Work task:
From the entries below, print exactly the span beginning with the line holding "South Shore Agora" and ending with the line holding "What hand do watches go on", endpoints included, and skip any pictures.

Entries supplied:
********************

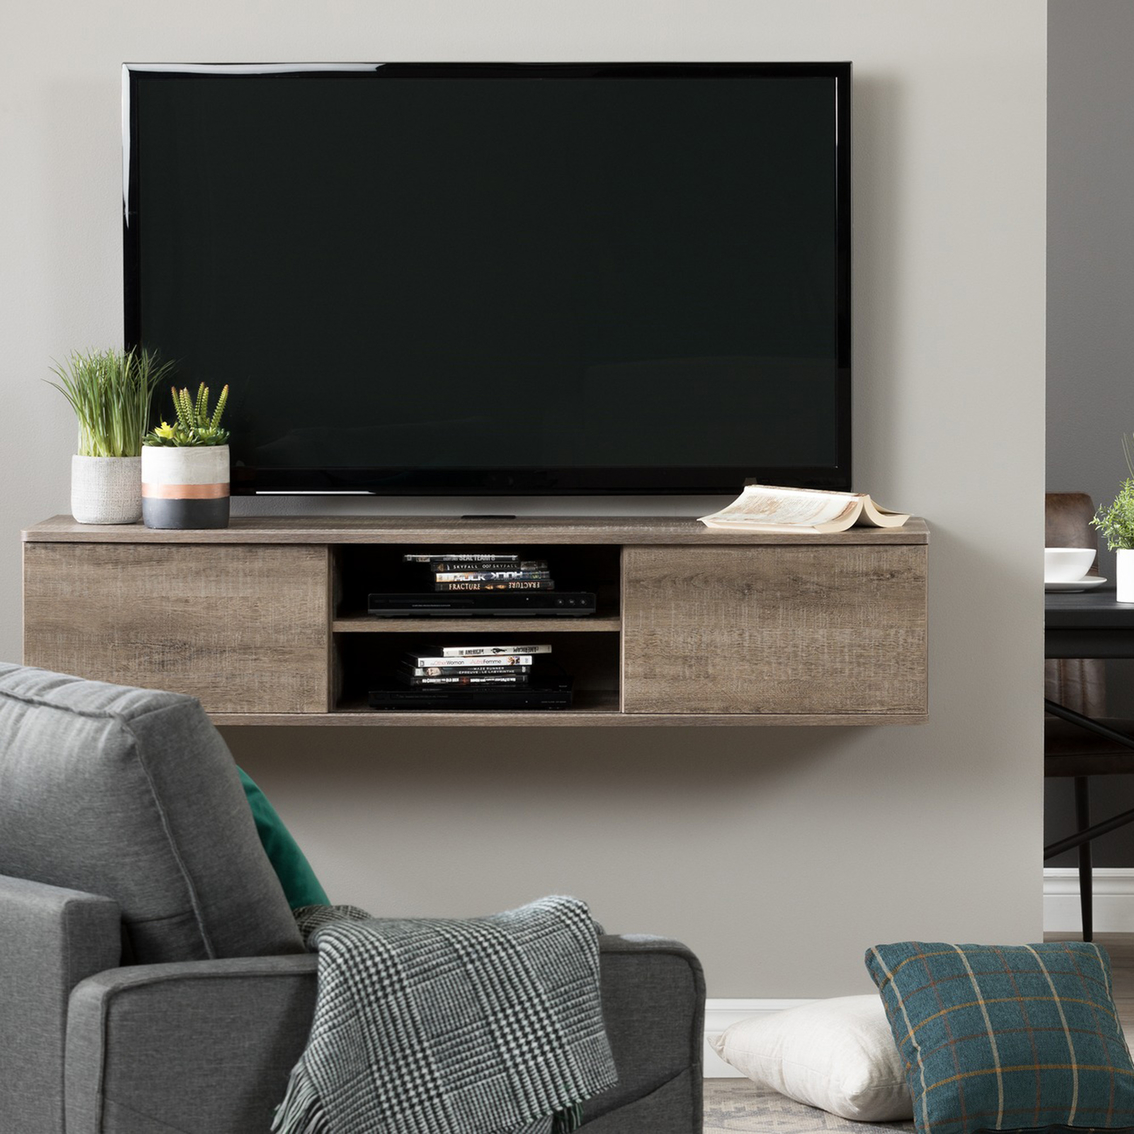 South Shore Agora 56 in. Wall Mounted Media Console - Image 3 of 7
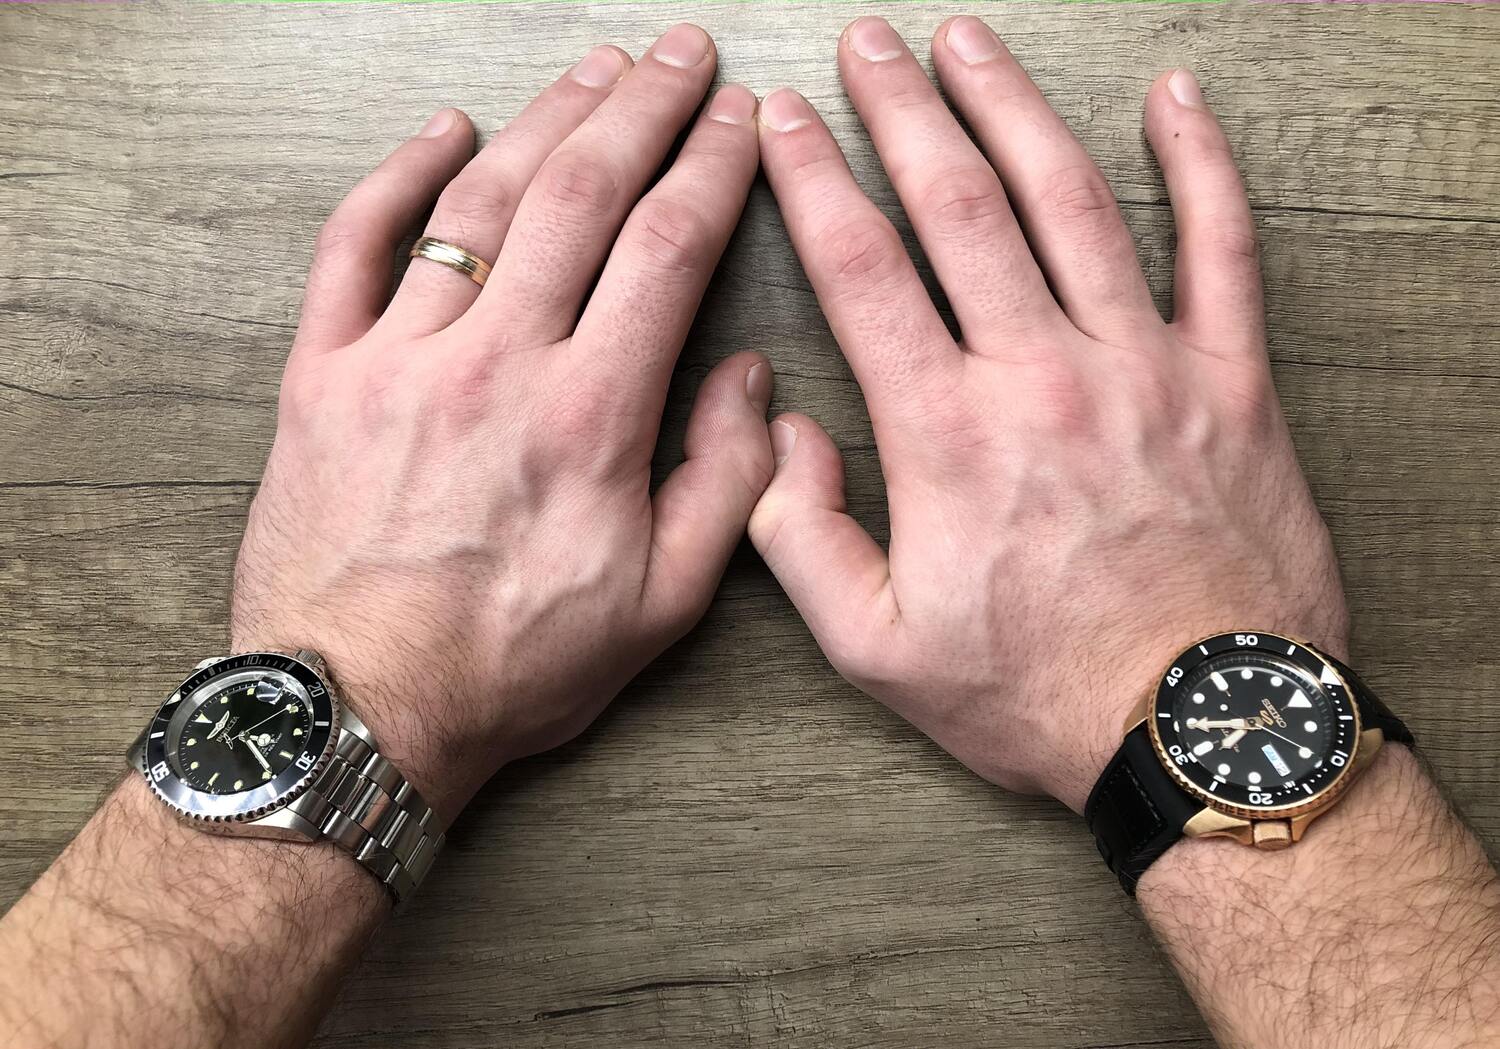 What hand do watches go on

********************

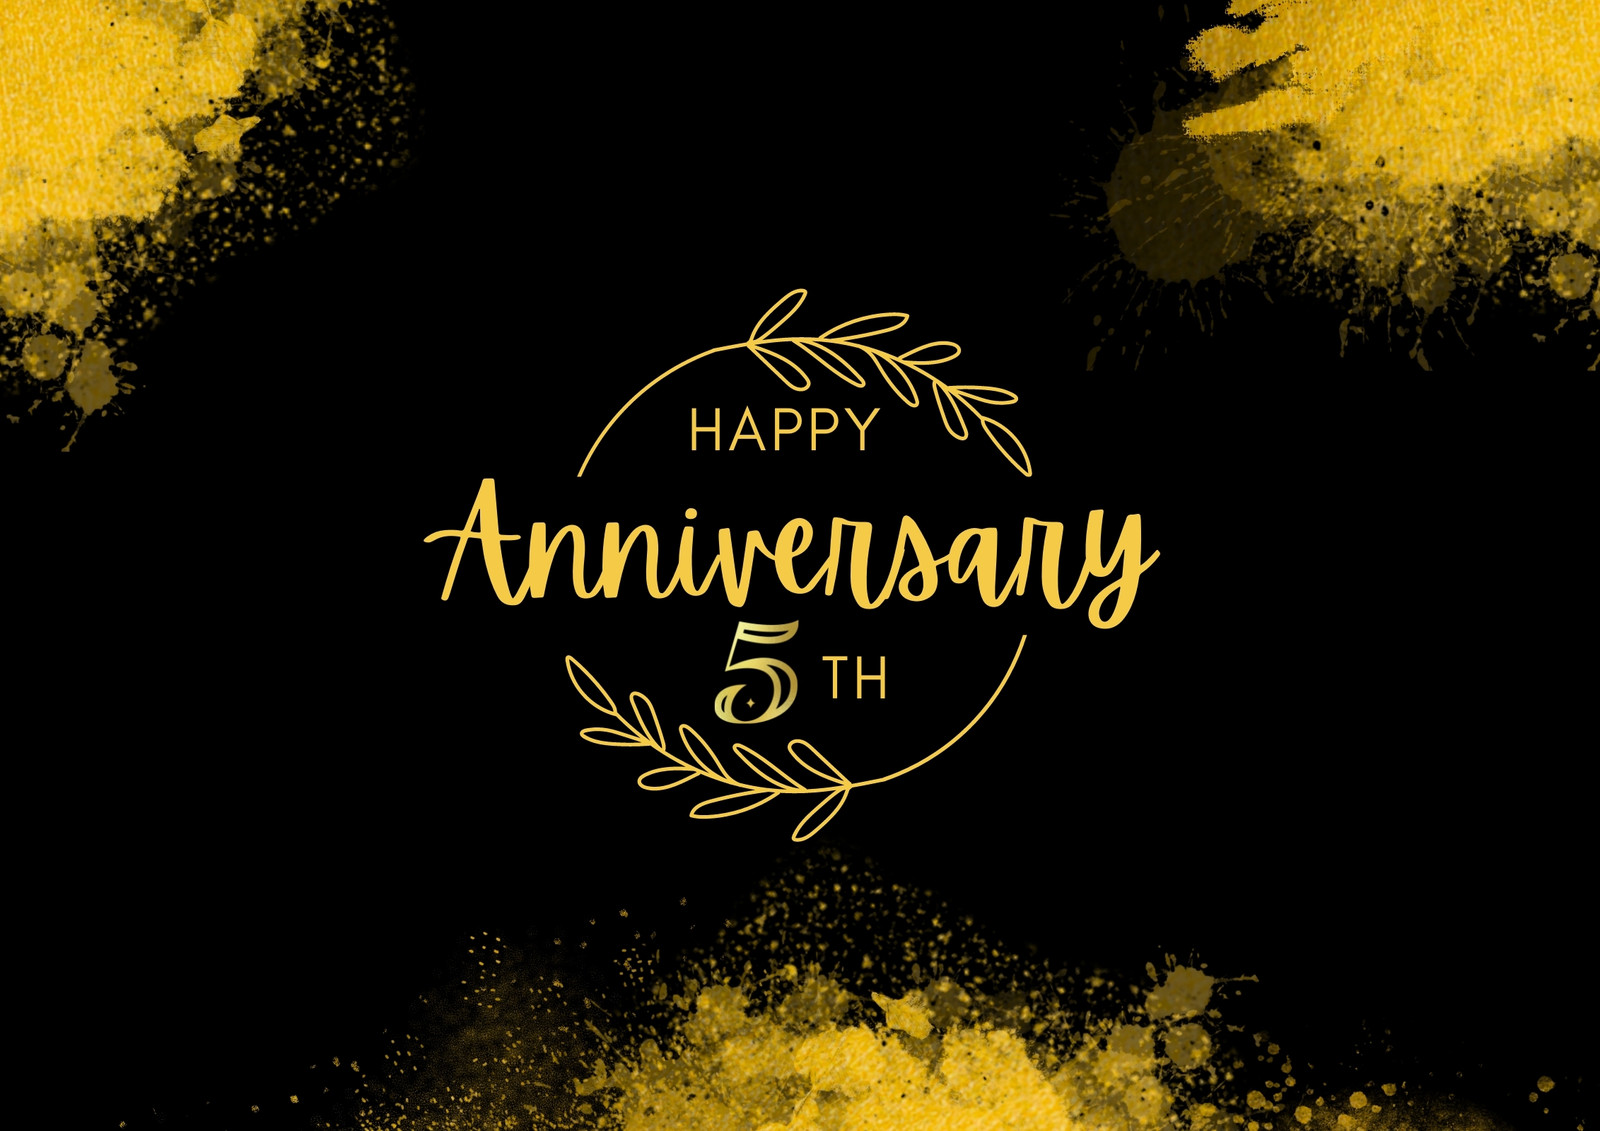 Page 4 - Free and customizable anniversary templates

********************

Task result:
 South Shore Agora 56 in. Wall Mounted Media Console - Image 3 of 7
 What hand do watches go on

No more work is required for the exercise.